GMPs definition
GMPs means the then-current good manufacturing practices required by the FDA, as defined in 21 C.F.R. Parts 210 and 211 and the regulations promulgated thereunder, for the manufacture and testing of pharmaceutical materials, and comparable laws or regulations applicable to the manufacture and testing of pharmaceutical materials in jurisdictions outside the U.S., as they may be updated from time to time. GMPs shall include applicable quality guidelines promulgated under the International Conference on Harmonization.
GMPs means all good manufacturing practices under Title 21 of the United States Code of Federal Regulations, as amended from time to time.
GMPs means current good manufacturing practices for the methods to be used in, and the facilities and controls to be used for, the manufacture, processing, packing and holding of biological products, all as set forth from time to time by the FDA, including all amendments and supplements thereto throughout the term of this Agreement.
More Definitions of GMPs
GMPs means current good manufacturing practices and standards, as provided for (and as amended from time to time) in the Current Good Manufacturing Practice regulations promulgated by the FDA under the United States Food, Drug and Cosmetic Act (21 C.F.R. Part 210 et seq.).
GMPs means Good Manufacturing Practices as determined by applicable regulatory requirements set forth by relevant Governmental Authorities of the applicable jurisdiction and “cGMP” shall mean current Good Manufacturing Practices as determined by applicable regulatory requirements set forth by relevant Governmental Authorities of the applicable jurisdiction.
GMPs means the current good manufacturing practices promulgated by any Regulatory Authorities or Applicable Laws throughout the Territory that are applicable to the Product.
GMPs means current Good Manufacturing Practices as defined from time to time by the Act and related regulations or any successor laws or regulations or the equivalent foreign Applicable Laws governing the manufacture, handling, storage and control of the Compound including as required in the United States and the European Union.

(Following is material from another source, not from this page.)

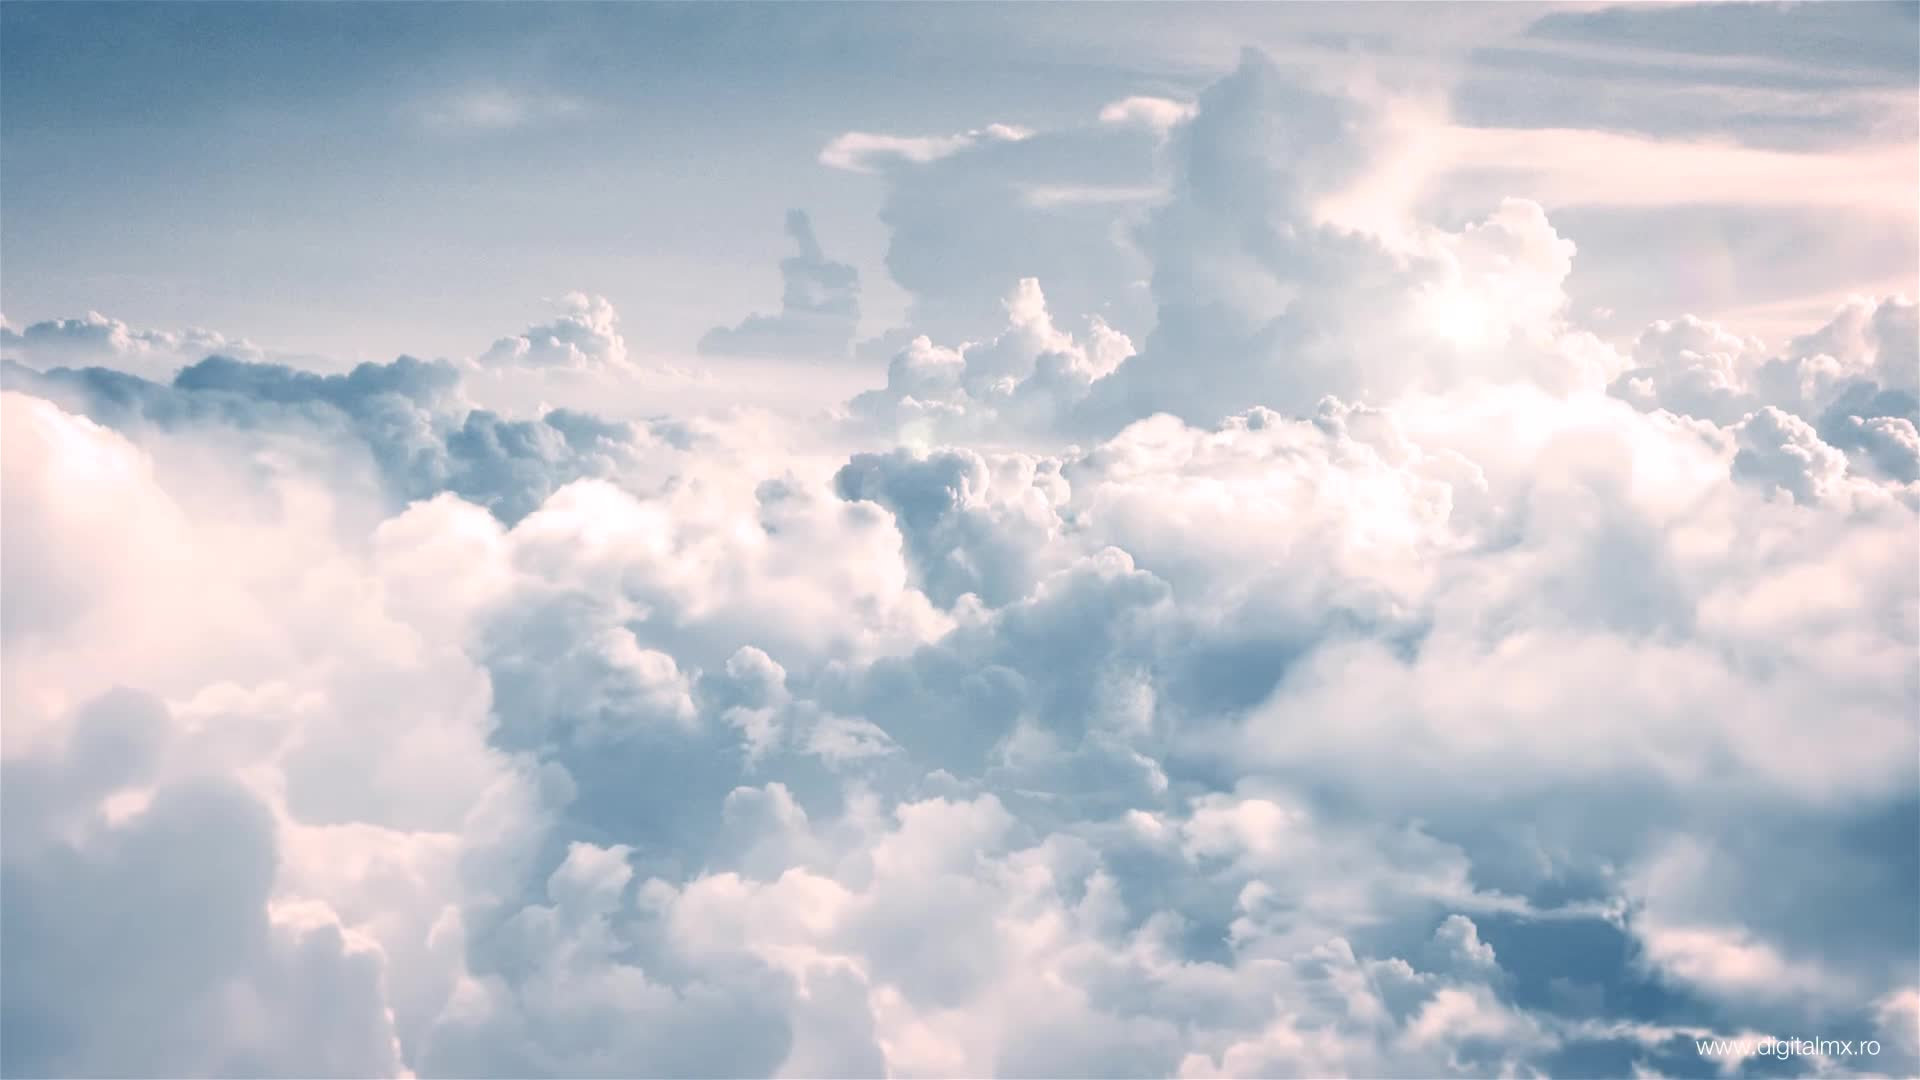 Гифка плывущие облака, железа картинки физике

GMPs or “cGMPs”) shall mean the standards established by the United States Food and Drug Administration (the “FDA”) for current Good Manufacturing Practices, as specified in FDA 21 C.F.R. §820 Quality Systems Regulations (or its successor provisions); the standards established in the European Council Directive 2004/27/EC of 31 March 2004 concerning medicinal products for human use, as amended (or its successor provisions); and other sections so designated by the title “Good Manufacturing Practices”; as applicable to each respective Product to be manufactured and/or supplied by SUPPLIER.
GMPs means all applicable Good Manufacturing Practices including, as applicable: (a) the principles detailed in the US Current Good Manufacturing Practices, 21 C.F.R. Parts 4, 210, 211, 601, 610 and 820; (b) European Directive 2003/94/EC and Eudralex 4; (c) the principles detailed in the WHO TRS 986 Annex 2, TRS 961 Annex 6 and TRS 957 Annex 2; (d) ICH Q7 guidelines; and (d) the equivalent Applicable Laws in any relevant country, each as may be amended and applicable from time to time.
GMPs means then current good manufacturing practice regulations promulgated by the FDA.